§ TASK GOAL: For each record that follows, give it back exactly, with no pictures included.

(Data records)
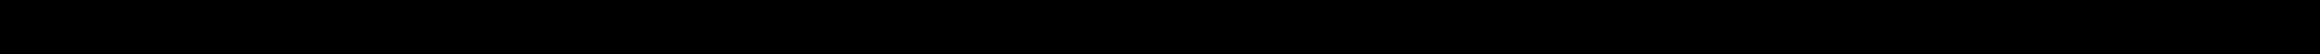 MAHLE ORIGINAL 15400PFB004, 15400-PFB-014, 15400PJ7005, 15400PJ7015, 02500 Alyvos filtras
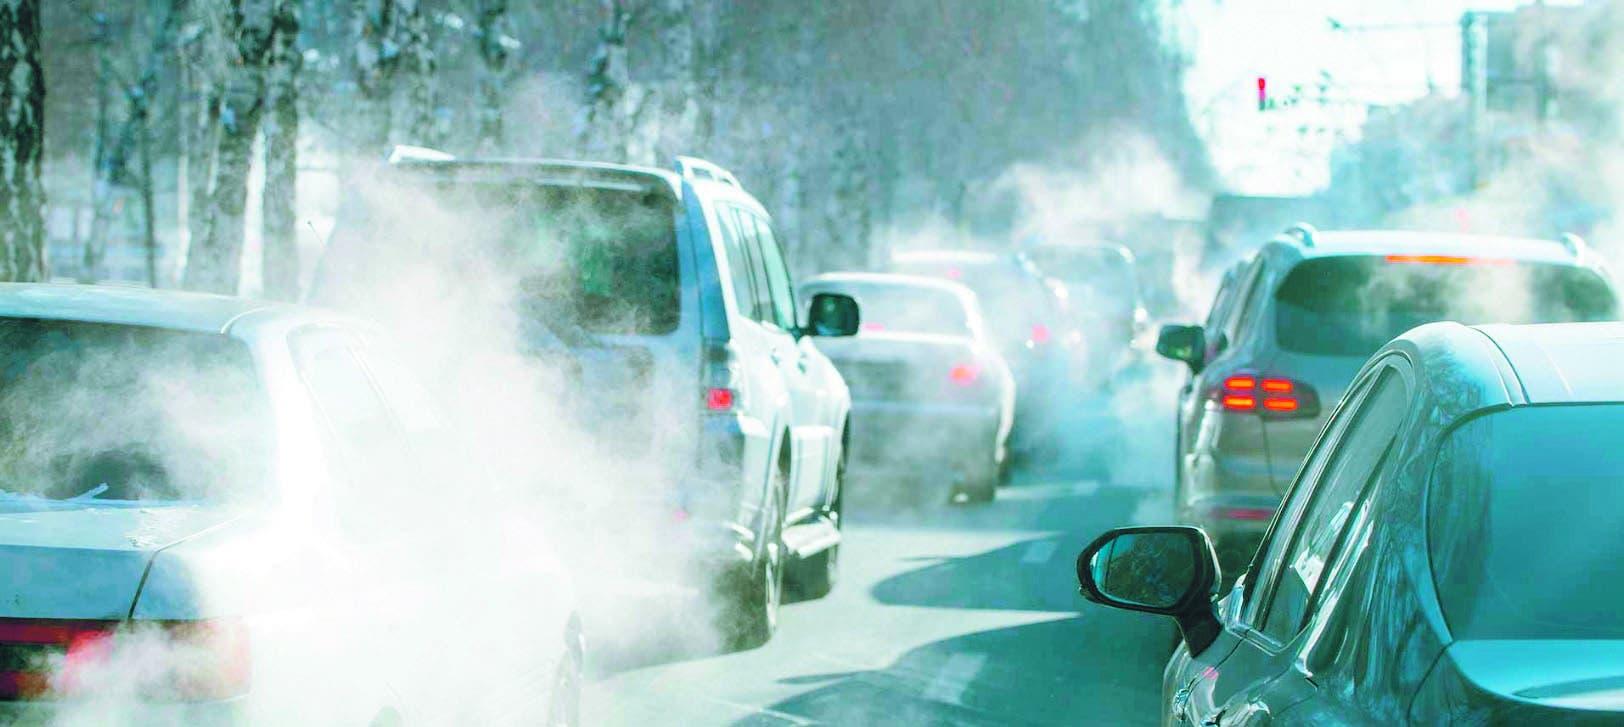 Reducir las emisiones de carbono es garantizar mejor vida en el planeta
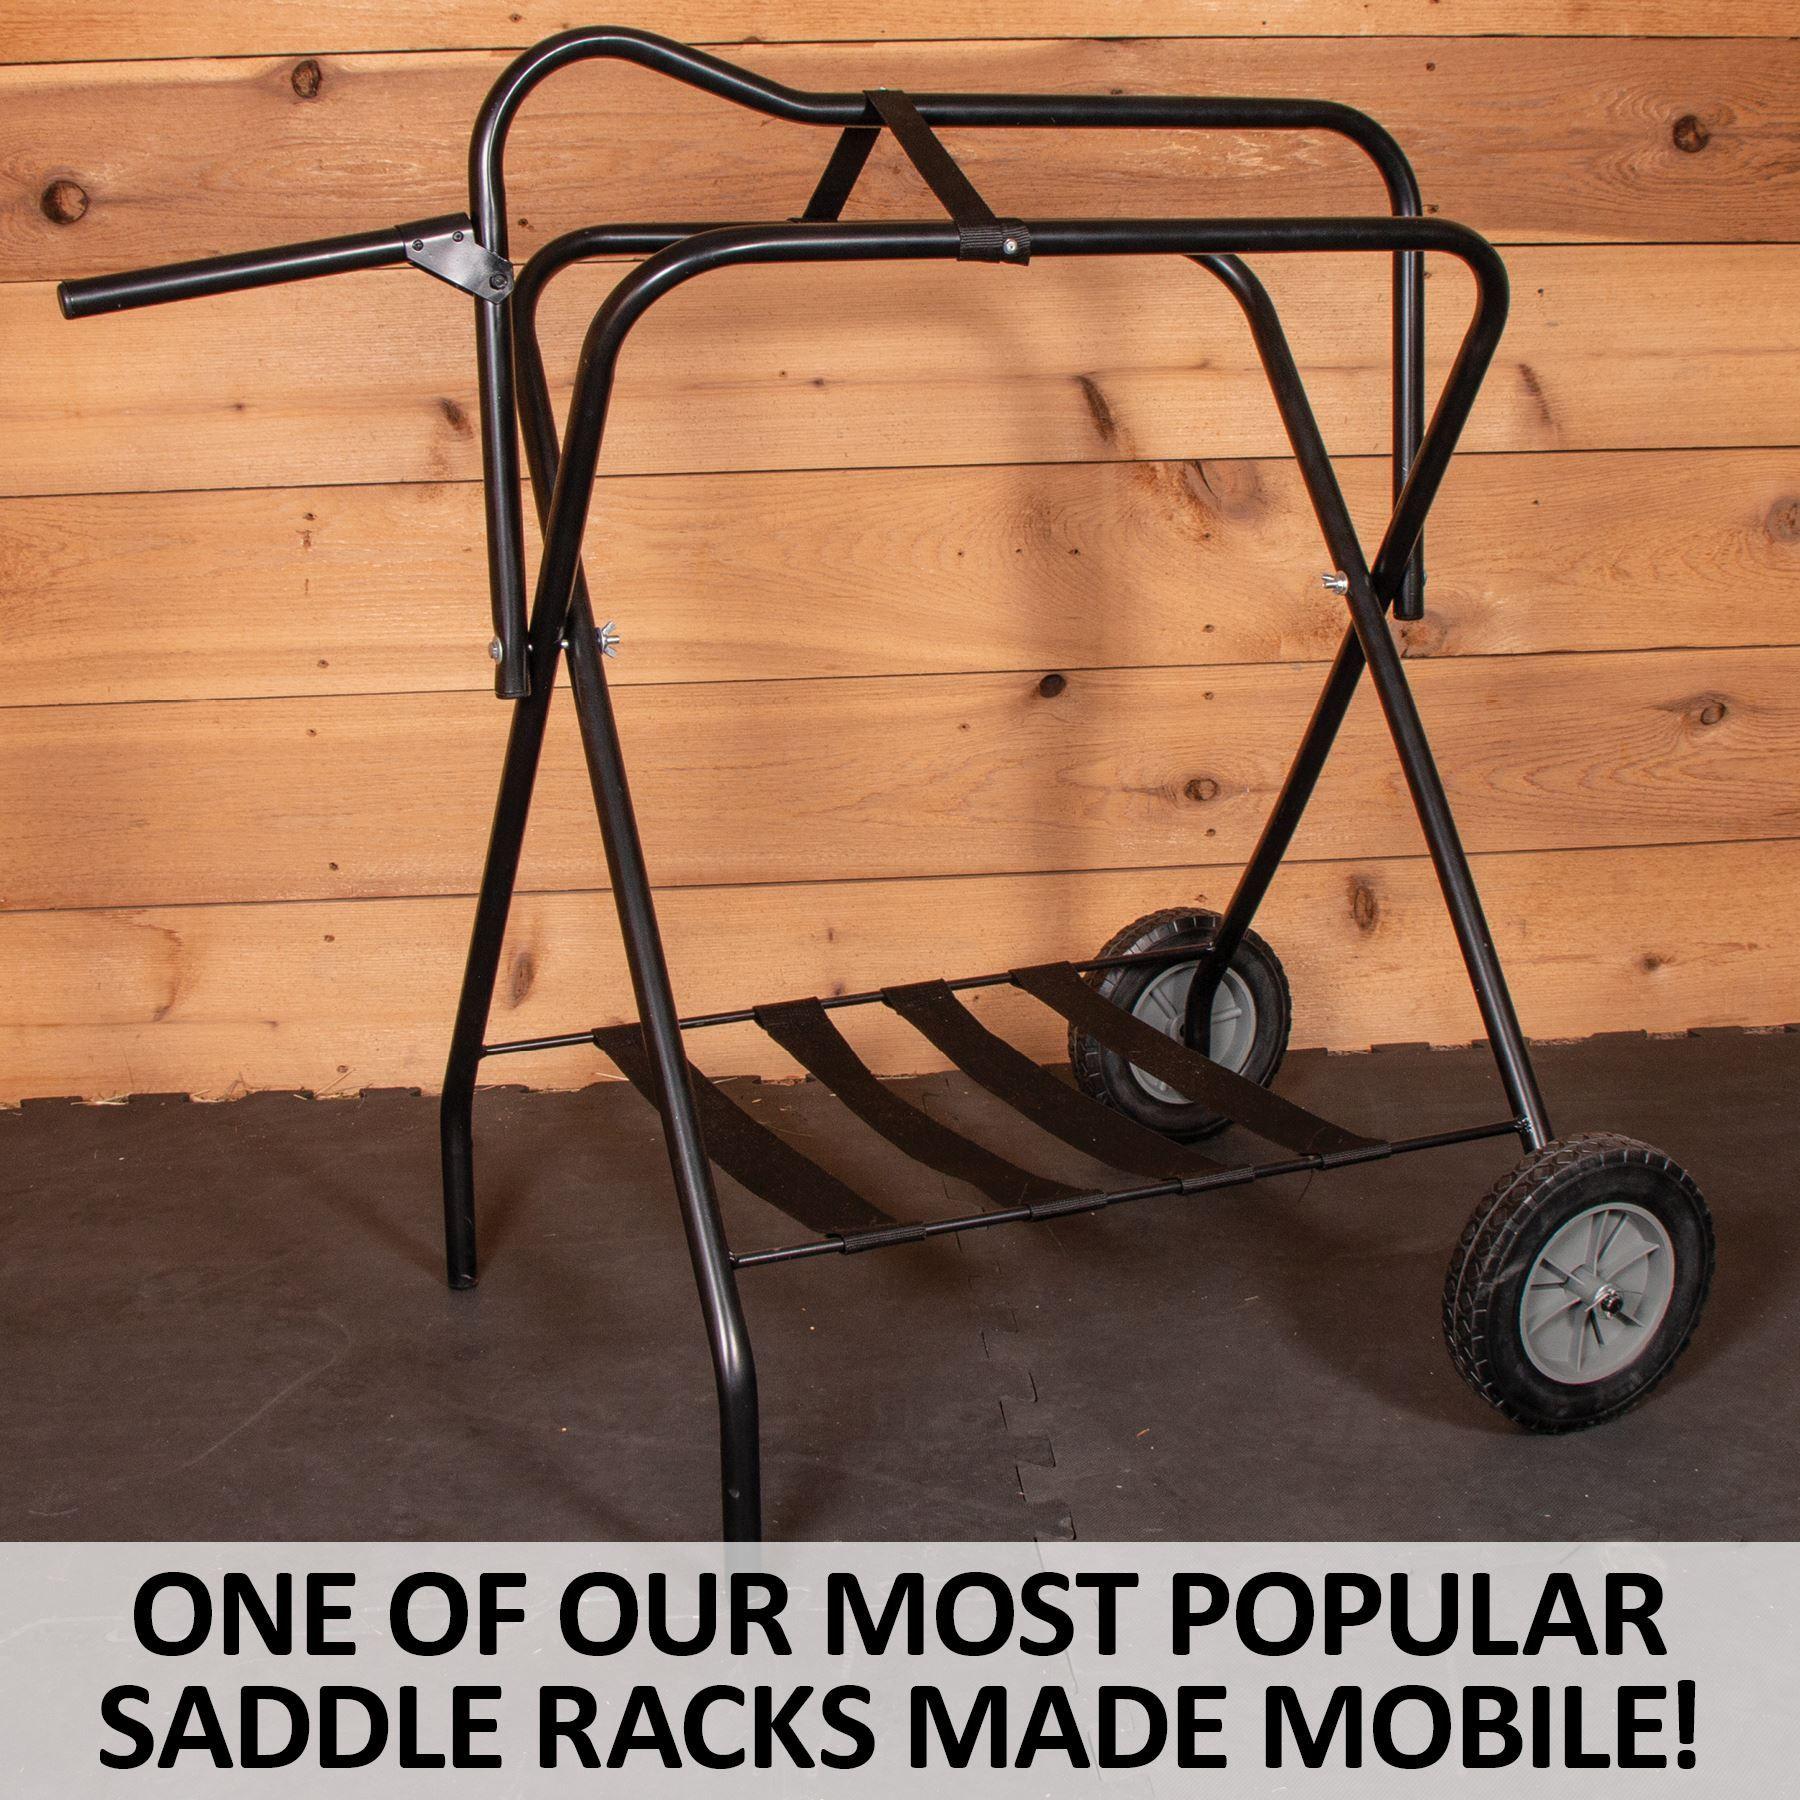 easy up folding saddle rack on wheels
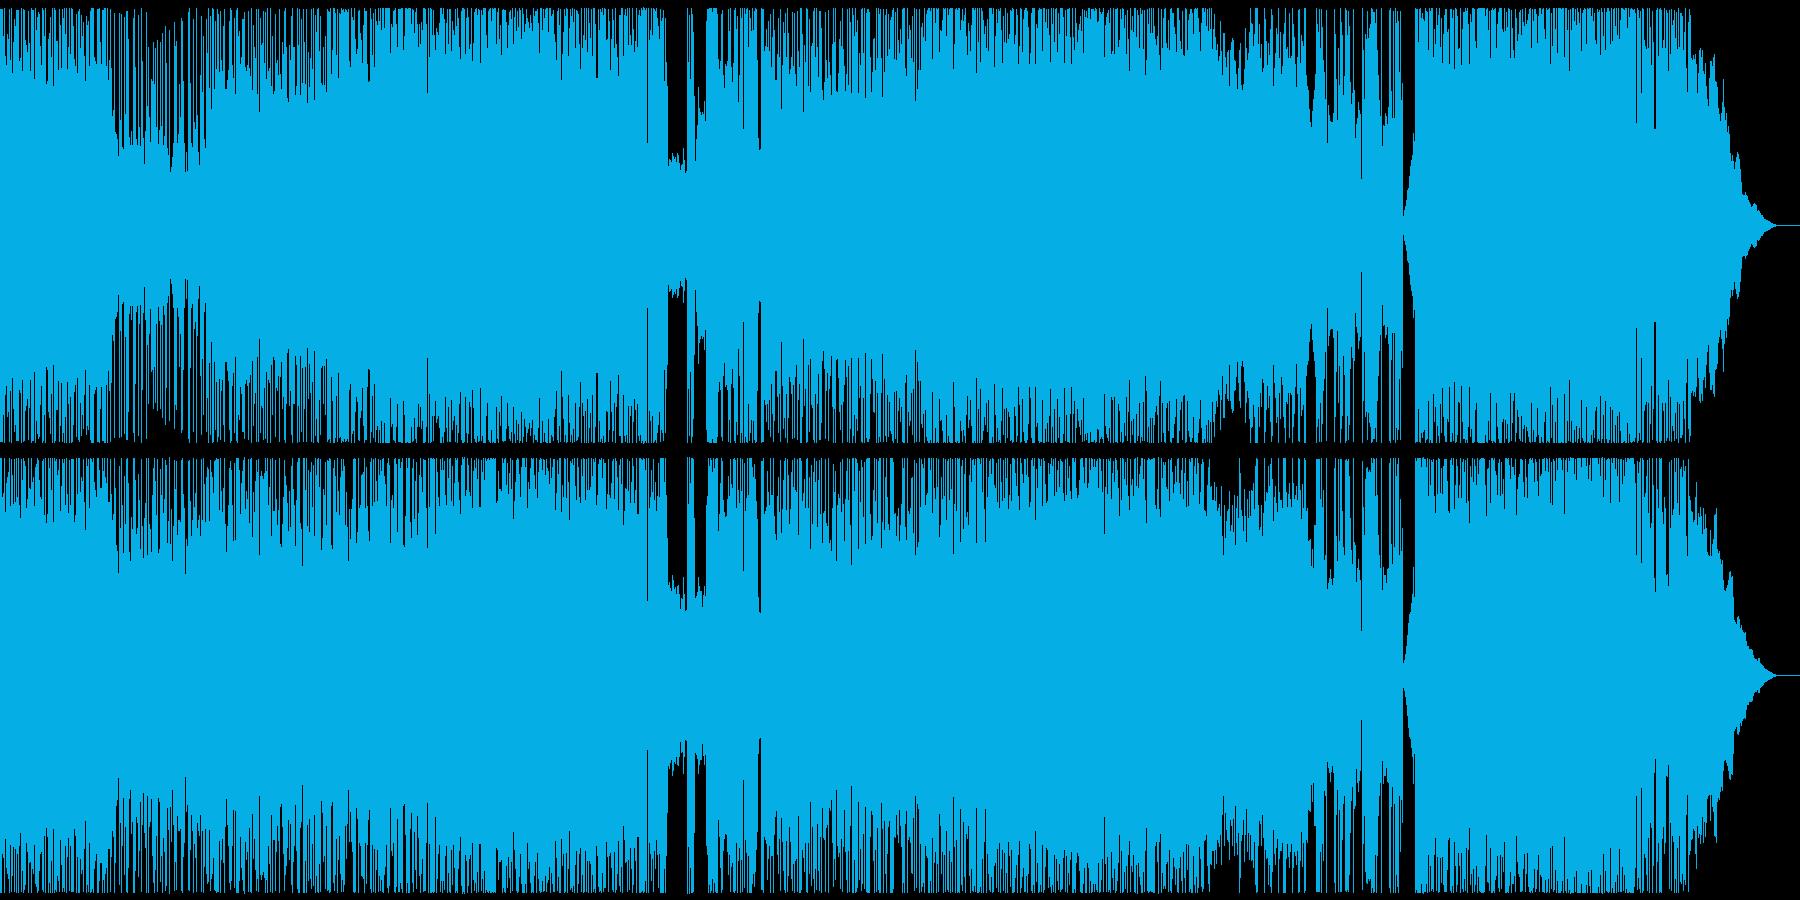 【パワフルギター生演奏】ポップHR 2の再生済みの波形
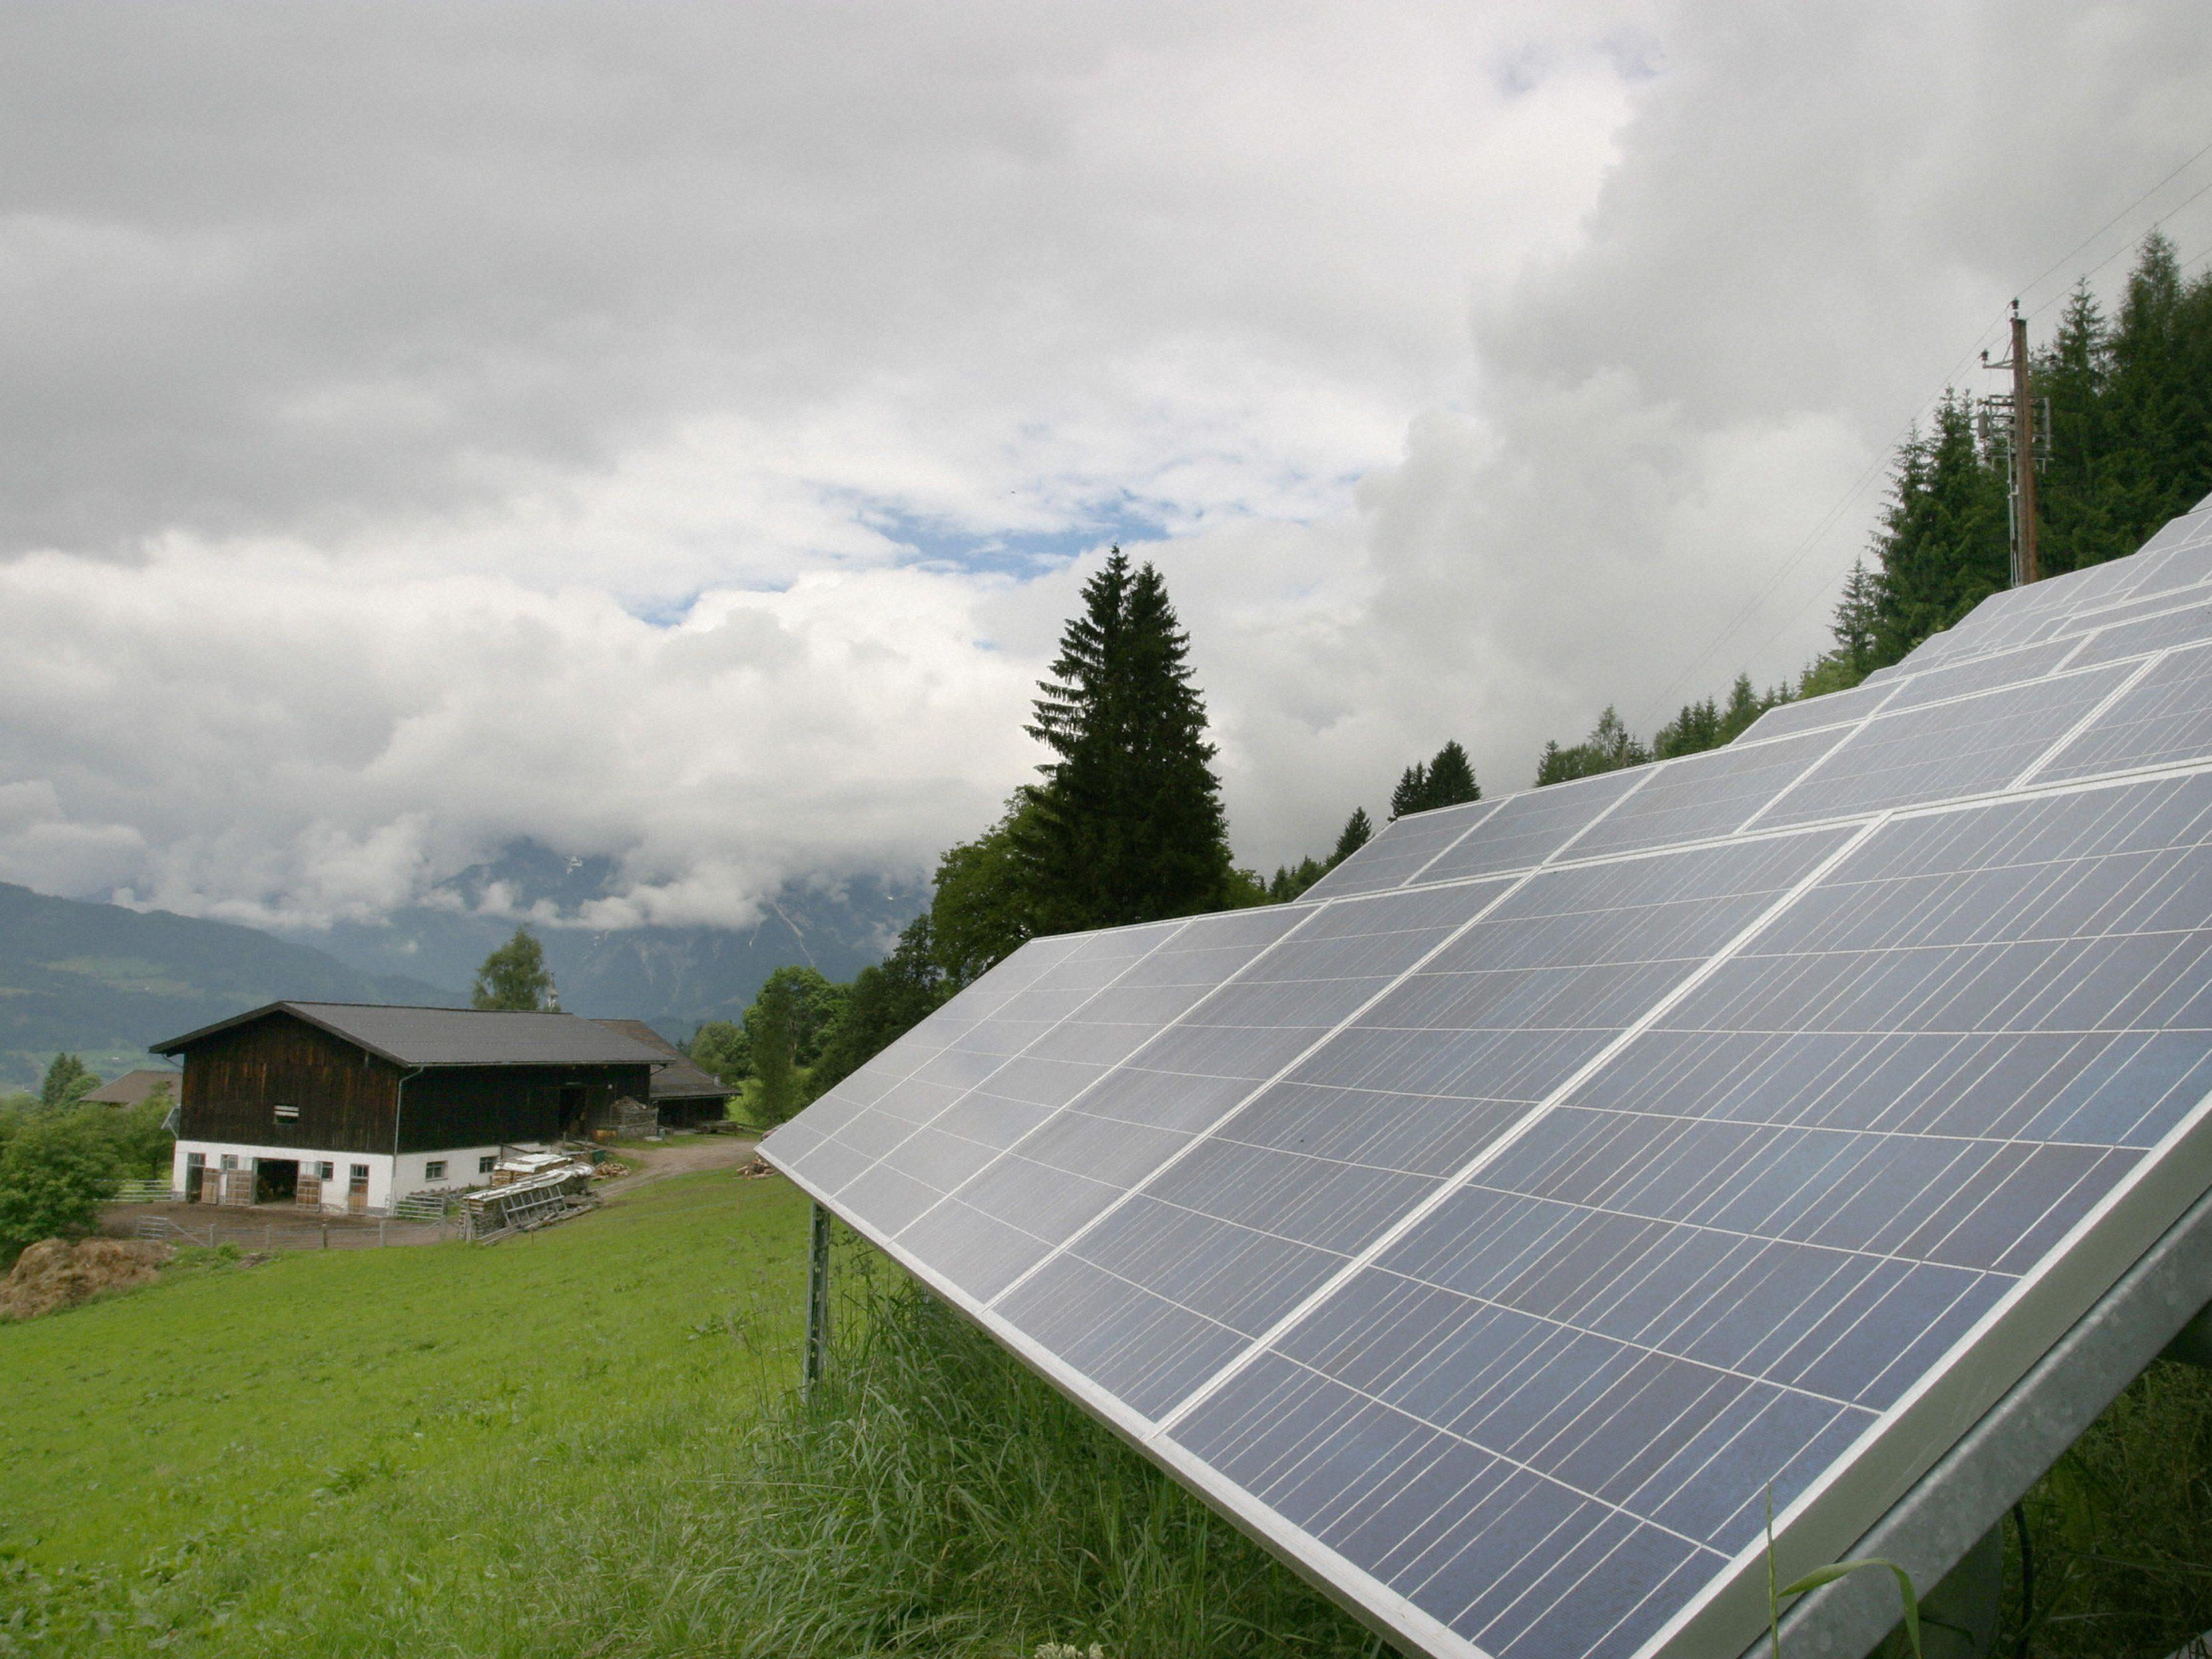 Auch dafür, dass die Tarife für Photovoltaikanlagen um 31 Prozent gesenkt wurden, hat Landesrat Schwärzler kein Verständnis

§ ANSWER AREA:
 MAHLE ORIGINAL 15400PFB004, 15400-PFB-014, 15400PJ7005, 15400PJ7015, 02500 Alyvos filtras
 Reducir las emisiones de carbono es garantizar mejor vida en el planeta
 easy up folding saddle rack on wheels
 【パワフルギター生演奏】ポップHR 2の再生済みの波形
 Auch dafür, dass die Tarife für Photovoltaikanlagen um 31 Prozent gesenkt wurden, hat Landesrat Schwärzler kein Verständnis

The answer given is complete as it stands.